In my own opinion, Barlowe generally goes a bit *too* far out. He mostly
draws things that look interesting, with little regard to evolution.
> Anyways, I digress...
>
> So, what I am wondering is: is it possible to have purple photosynthetic
> plants? Is it just a matter of the chlorophyl/whatever processing UV spectrum
> light or reflect purple based colors, or would it necessitate some completely
> different system of light usage?
Purple thing are reflecting both blue and red and absorbing the colors
between. This is exactly opposite of chlorophyll. (They may also absorb or
reflect IR or UV, but our eyes don't see that.) Also, note that human
vision is most sensitive in the green, and that is also where the Sun's peak
emission is. Actually makes it kind of odd that plants *aren't* purple, as
green is where the most energy is.
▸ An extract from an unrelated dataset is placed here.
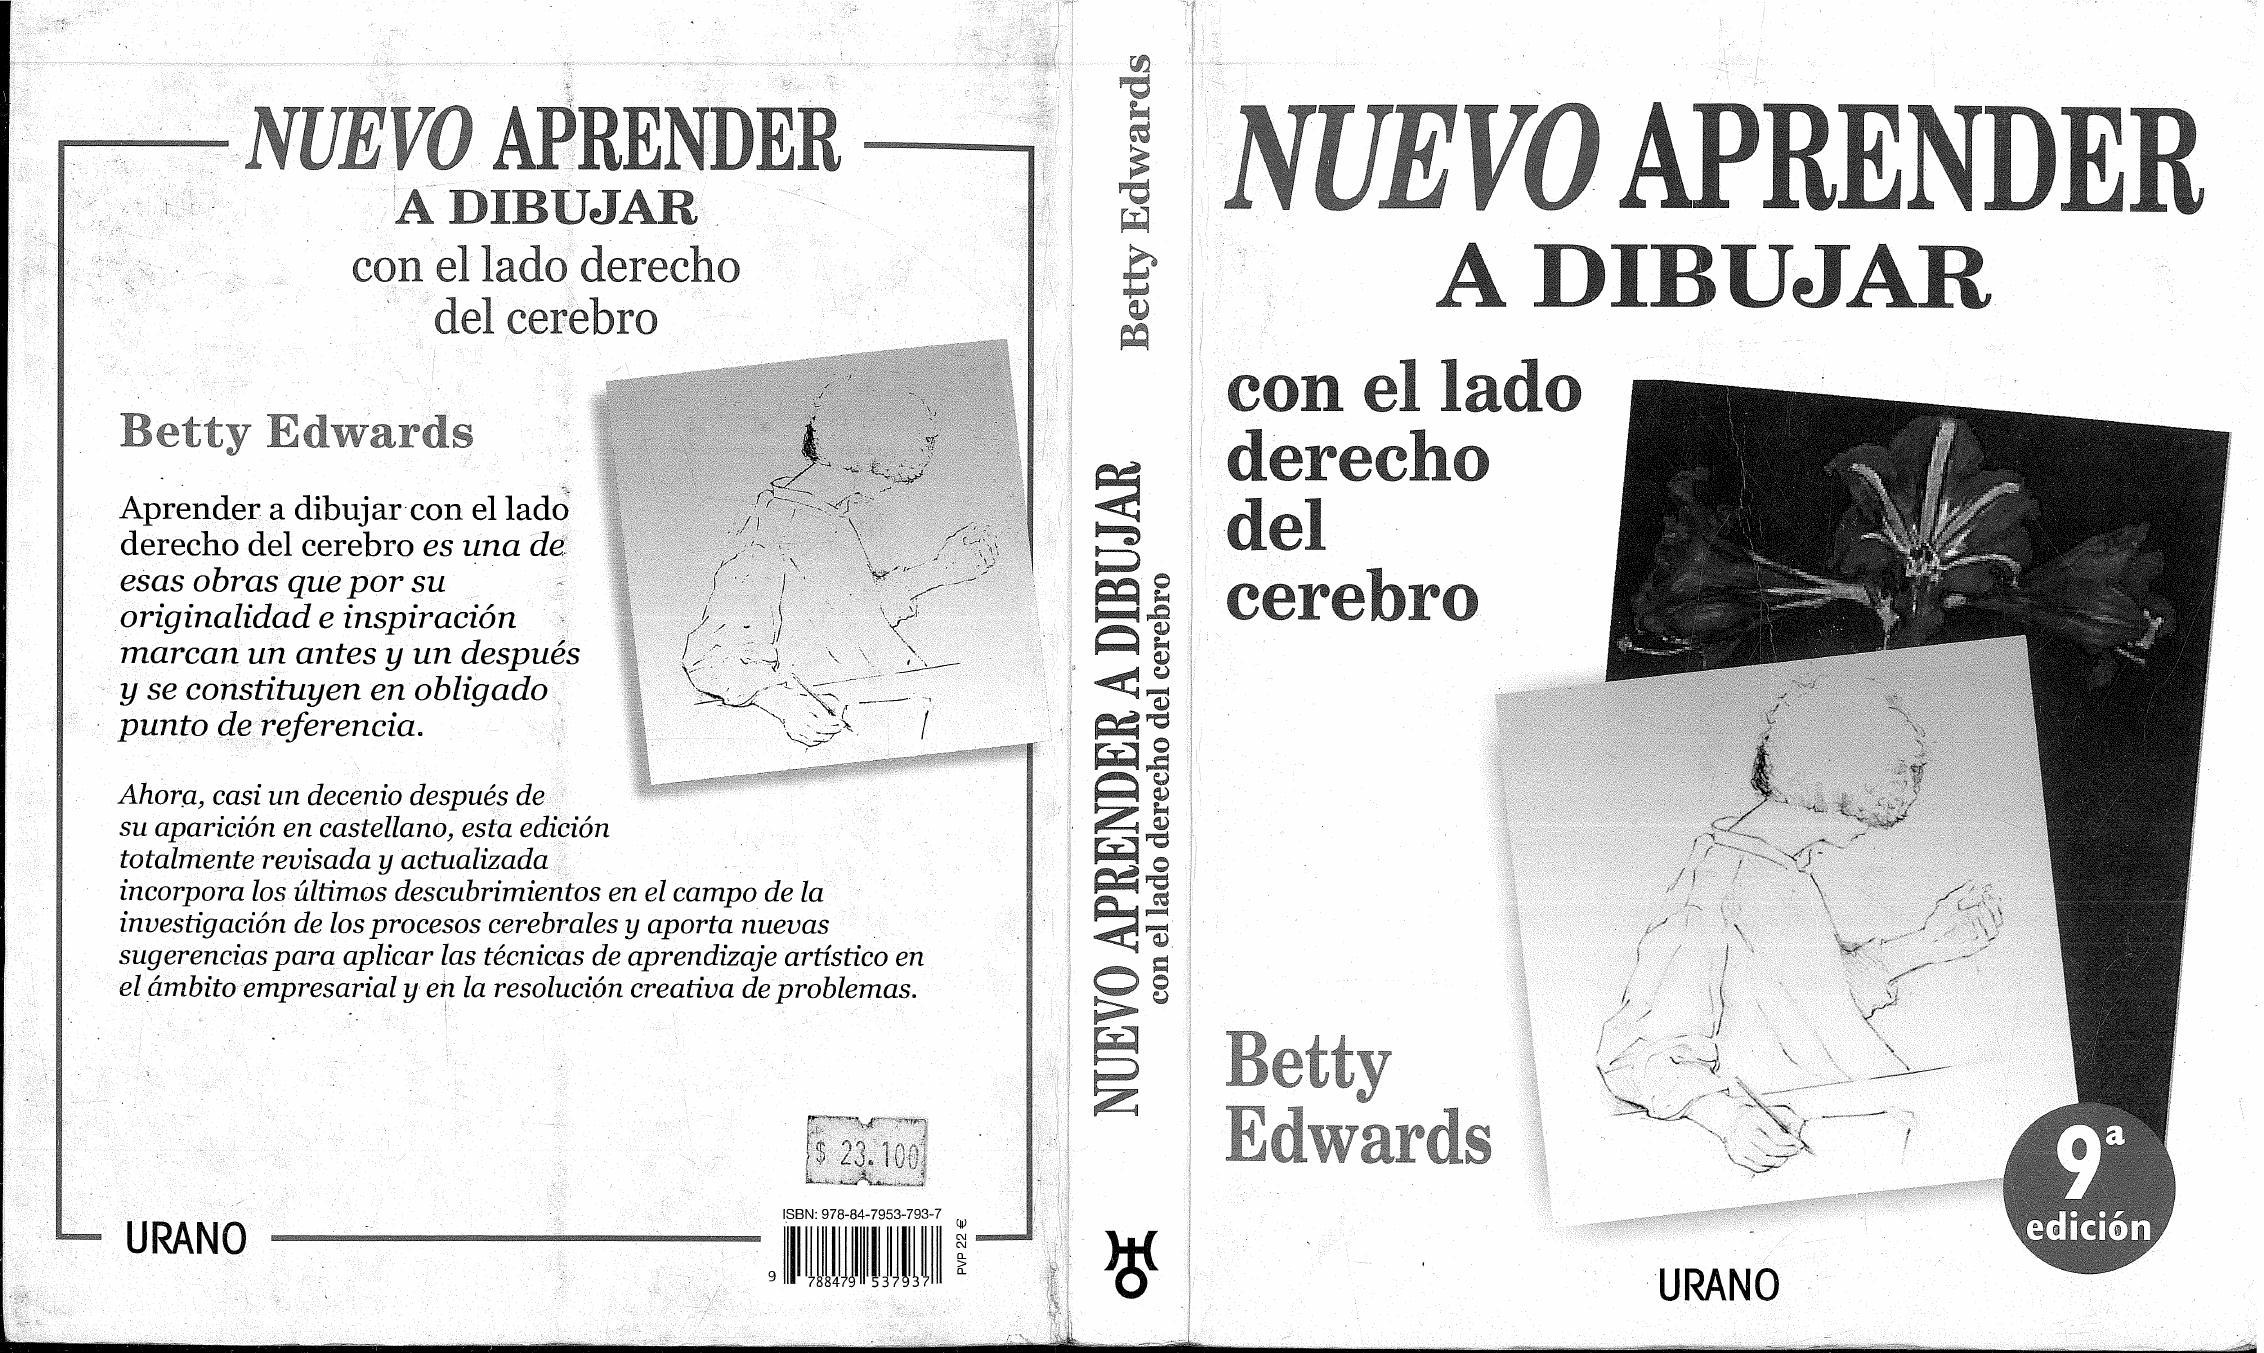 Aprender A Dibujar Con El Lado Derecho Del Cerebro Betty Edwards Pdf Document Lado Derecho Del Cerebro Aprender A Dibujar Aprender A

Although, they tend to be a *dark*
green, so apparently they still absorb a lot of the green.
Given the nature of sunlight and our eyes, even something that absorbed
moderately more green than not-green might still easily *look* green to us.
<http://en.wikipedia.org/wiki/Image:Chlorophyll_ab_spectra.png>
In any case, it's certainly *possible* for alien life to use something other
than or in addition to chlorophyll for photosynthesis. How *likely* it is
needs study.
On the other hand, UV, and to a lesser extent blue, can cause damage, as
well as providing energy. Check the function of anthocyanins:
<http://en.wikipedia.org/wiki/Anthocyanin>
> Also, what minierals have a purple hue? Amethyst? Can that be broken down
> and used by living creatures?
Amethyst is violet colored quartz. Quartz is just silicon dioxide. As
Bruce said, recent work has shown the violet color to be the result of iron
and aluminum impurities, and heat can easily turn it to yellow citrine.
Doesn't sound like any form of "digestion" would preserve the color.